$\overline{V(I)-V(J)}=V(\bigcup_{n=1}^{\infty}I\colon J^n)$

Question

Is it true that $\overline{V(I)-V(J)}=V\left(\bigcup_{n=1}^\infty I\colon J^n\right)$? If not, is it true for noetherian rings?

Answer 1

I assume that $I,J$ are ideals of a commutative ring $R$?

After replacing $R$ by $R/I$ we may clearly assume that $I=0$, so that $0:J^n=\mathrm{Ann}(J^n)$.

Let $I \subseteq R$ be an ideal. Then the following are equivalent:

$\overline{\mathrm{Spec}(R) \setminus V(J)} \subseteq V(I)\\ \mathrm{Spec}(R) \setminus V(J) \subseteq V(I)\\ V(J) \cup V(I)=\mathrm{Spec}(R)\\ IJ \subseteq \sqrt{0}\\I \subseteq (\sqrt{0}:J) \\ V(\sqrt{0}:J) \subseteq V(I)$

We have used here that $(\sqrt{0}:J)$ is a radical ideal, which is easy to prove.

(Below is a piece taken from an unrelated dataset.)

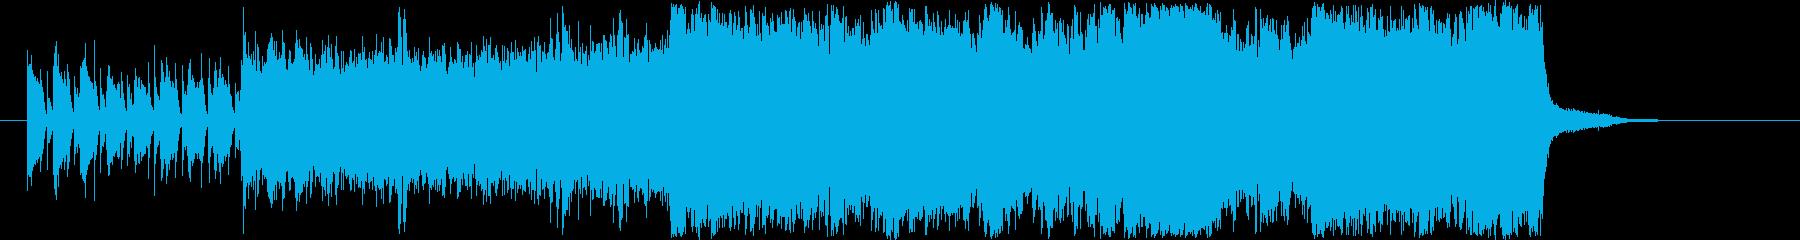 ウッドベースとハイハットによる緊迫感の再生済みの波形

This proves $$\overline{\mathrm{Spec}(R) \setminus V(J)} = V\bigl((\sqrt{0}:J)\bigr)$$

We always have $(\sqrt{0}:J) \supseteq \sqrt{\bigcup_{n \geq 1} \mathrm{Ann}(J^n)}$, and the converse inclusion holds when $J$ is finitely generated (this is easy to check). In general we won't have equality.